STD rates at record highs

Cases of gonorrhea, chlamydia and syphilis have reached the highest levels ever recorded, according to a recent report from the US Centers of Disease Control and Prevention.
Many men and women with STDs never have symptoms and have no idea they are infected. When symptoms do appear, they can differ widely from person to person, often masquerading as a benign bump.
Take syphilis, for example. Once nearly eliminated in the US, cases of syphilis are now rising yearly. Cases of congenital syphilis — where a mother gives the disabling disease to her unborn baby — have more than doubled since 2013.
Syphilis is easily diagnosed with a simple blood test and responds well to penicillin when caught early. Left untreated, it can cause serious and life-threatening damage to the nervous system, heart, brain or other organs.
“Syphilis is the perfect STD for people who thrive on denial,” said family medicine physician and STD specialist Dr.
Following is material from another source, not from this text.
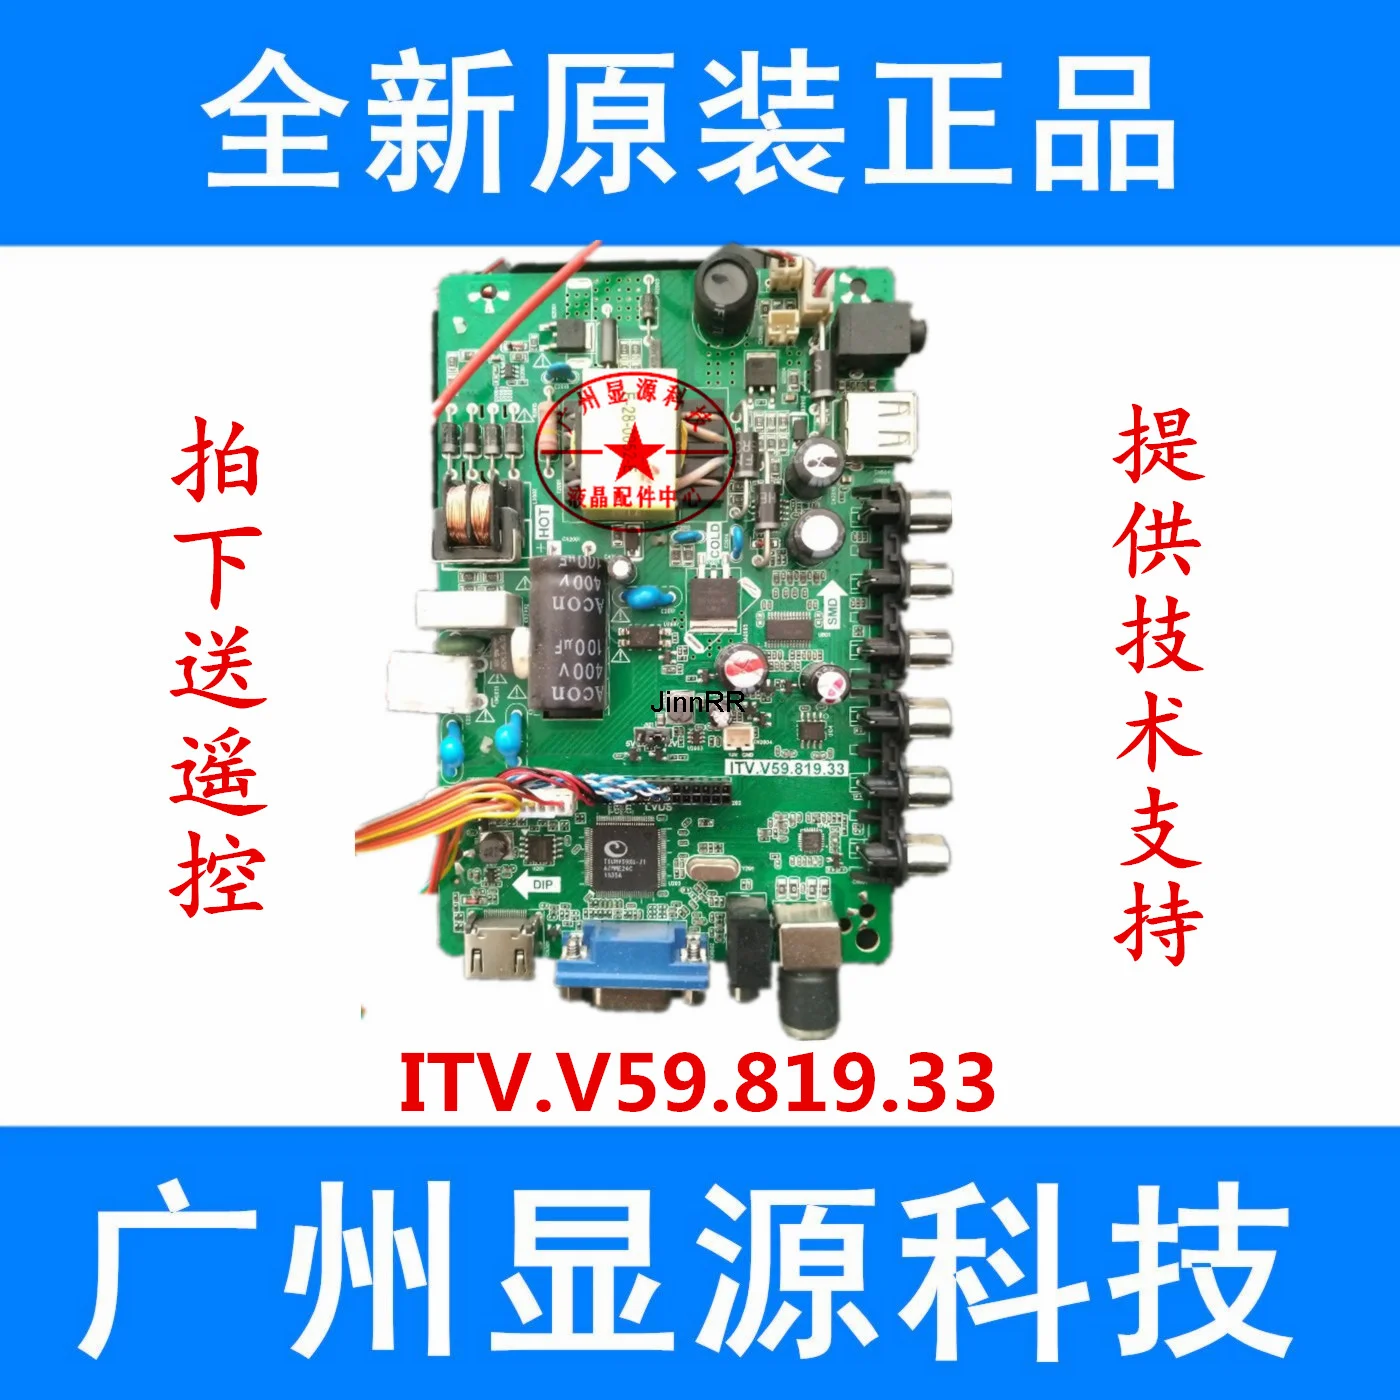 

New original universal motherboard / ITV V59. 819.33/ provide technical support and can be equipped with any screen

Ina Park, “because it starts with a sore that doesn’t hurt.”
The bump can be very small, subtle and easily discounted, said Park, who is the medical director of the California STD/HIV-Prevention Training Center.
“If you see it and you do nothing about it, it just goes away. And then you get the rash. And then if you ignore the rash, it also goes away,” Park said. “They just disappear and then you can just talk yourself out of the fact that you have this potentially deadly disease.”

Why crowdsource?

Why would people crowdsource a STD diagnosis? Lack of money to pay for medical services is one reason, experts say. Even when that’s not an issue, it can be difficult to get a timely appointment with a doctor while the lesions are present.
“There is a lack of easy access in the US to same-day testing and treatment. I think there are some people who say, ‘I just want an opinion now and this is a way to get it,’ ” Park said.
“We’ve also closed down a lot of places over the last 10 years where it was easier to get tested for STDs — Planned Parenthood for example,” Sanders said.
Sanders points out that asking our personal “crowd” of friends and family for health advice is completely normal behavior. “We’ve always asked mom, our friends and spouses if we should be concerned about this or that symptom,” she said.
Then there’s the very human desire to wish away the reality of a sexually communicated disease.
“There’s so much stigma and shame attached to STDs I’m sure they would do anything to avoid having to address that if it’s not true,” Sanders said. “So I understand it, even though I might disagree with it.”
However, Park added “for those who already have a medical diagnosis and are still seeking a second opinion through crowdsourcing, I do think it’s potentially dangerous because you have no idea who’s giving you this advice and their expertise.”

A role for ‘citizen doctors?’

Some experts believe crowdsourcing healthcare could be turned into a positive by training and educating what Topol calls the “citizen doctors out there willing to help each other.”
“The automatic reaction of a lot of doctors would be: ‘This crowdsourcing is nonsense and it should stop.’ And that’s where I disagree,” Topol said.
“If this is helping some people who can’t afford medical care or can’t get to a diagnosis in a timely way, I don’t know that we should definitely rule it out as a pathway for health care,” Topol added. “But we also want to assure its accuracy, and point out to people that the diagnosis you get from Dr. Reddit may not be right.”
Ayers agrees: “People are already seeking help in these social media communities, so why not take the education to them? It happen in a place that you can potentially easily intervene and guide them to good health.”